1. Is this patch already applied?
2. If yes, what versions is it applied to?
3. If no, can you post the link to the patch on gcc-patches? Or can you attach the corrected patch to this bug report?

Thanks
Comment 13 Björn Haase 2006-09-19 20:16:36 UTC
Hello Eric,

IIRC, the bug never was really resolved. The true place to fix the issue was, IMO, the most dreaded source file of the entire GCC source tree: reload. 

My now quite old patch tried to fix the immediate problem without touching reload and it used a fairly crude method by denying gcc to make use of Y in many situations.

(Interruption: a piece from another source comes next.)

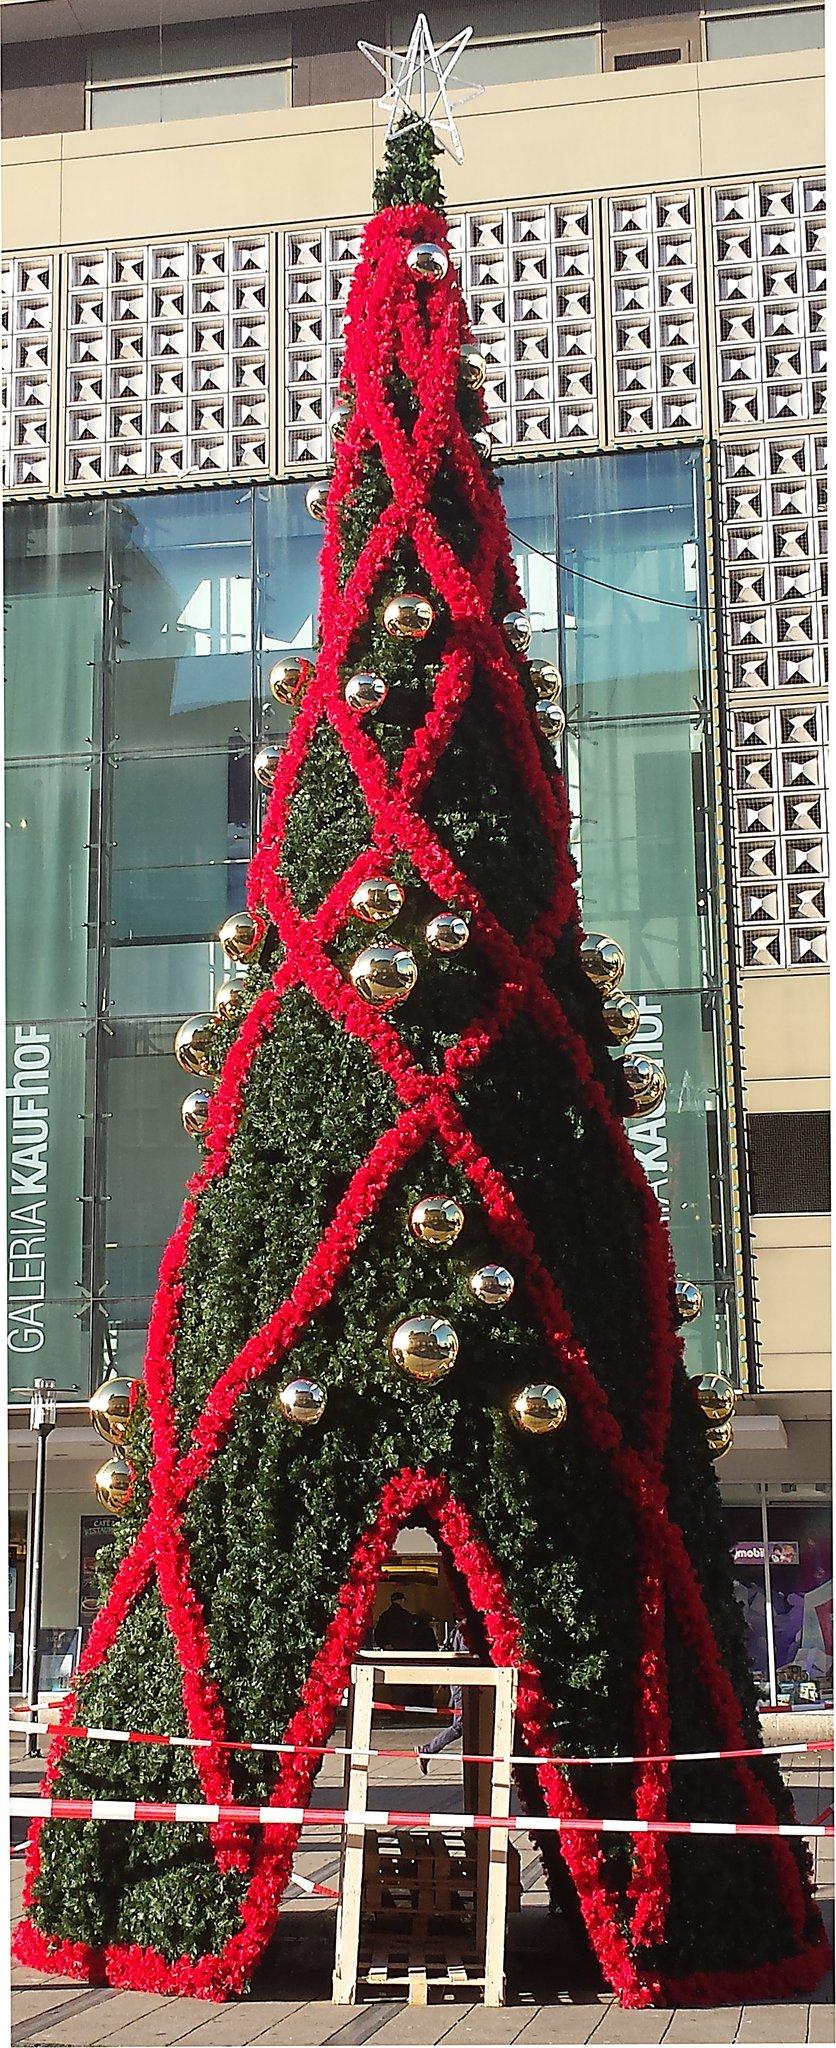 Essen Weihnachtsmarkt 2019.Preisverleihung Best Christmas City 2018 Internationaler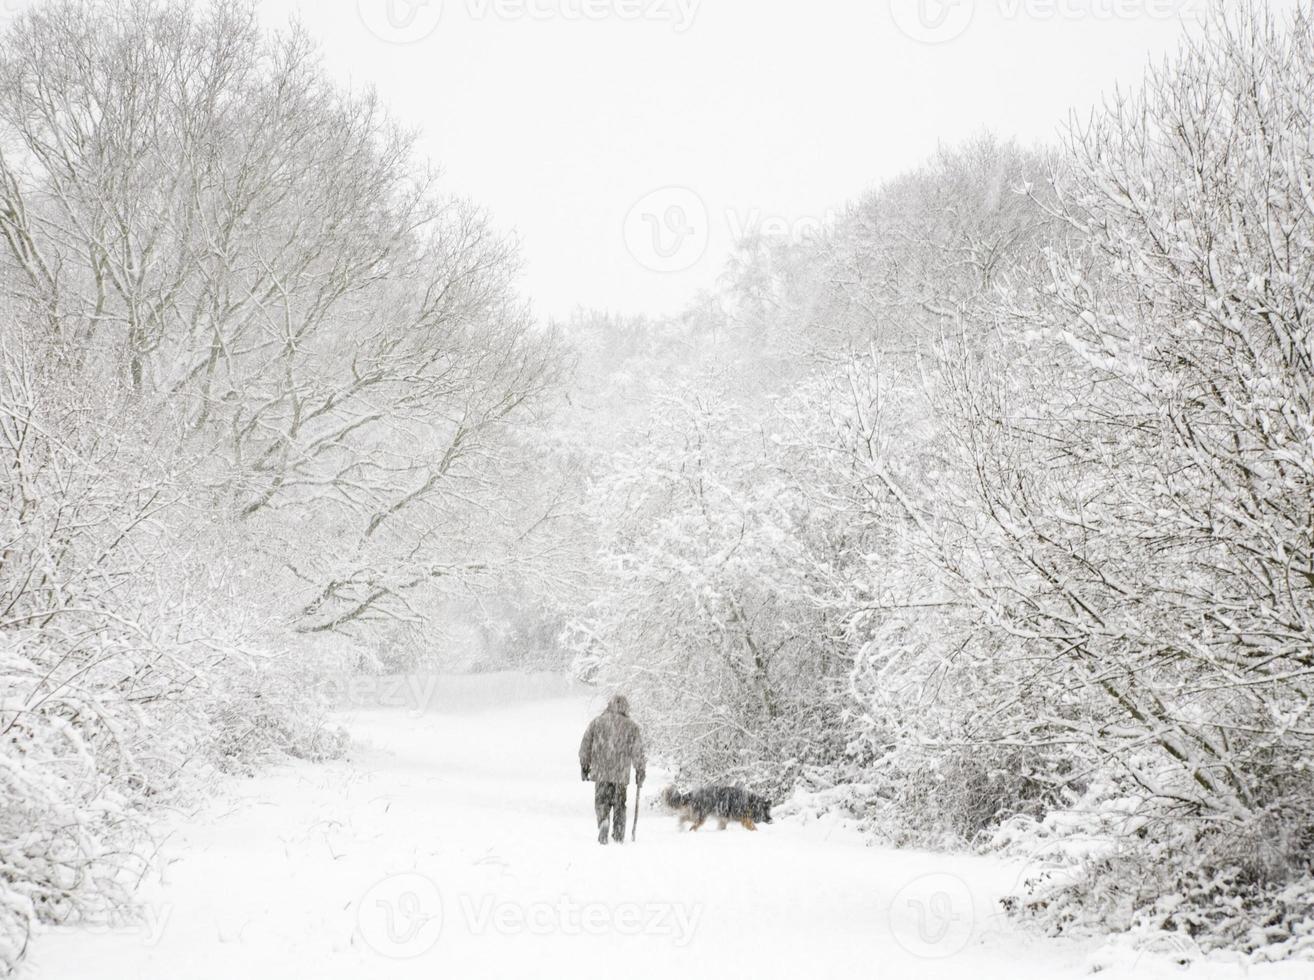 Mensch und Hund im Schnee foto

My test case generated code that was very difficult to handle by the register allocator. This code triggered the bug. Later on some change in some of the passes just before the 4.0.0 release removed the immediate problem. With 4.0 and afterwards I no longer succeeded to reproduce the bug:

The reason might be, that the original reload bug was fixed.
The reason might as well be that the reload bug is still there, but that it's no longer exposed due to some other modification in the compiler.

The message is: There stand good chances that this bug is resolved, but I cannot prove it.

In any case, I'd like to suggest *NOT* to make use of my old crude patch. IMO it's better to just hope that the problem is fixed.

Until now, I never again stepped over this bug, so I have good confidence.

HTH,

Bjoern
Comment 14 Eric Weddington 2006-09-19 20:25:30 UTC
Thanks, Bjoern, for responding in detail.

If this bug cannot be reproduced, can we go ahead and close this bug report?

Eric
Comment 15 Eric Weddington 2007-08-23 20:39:40 UTC
Closing bug as WORKSFORME based on Bjoern's observations in comment #13.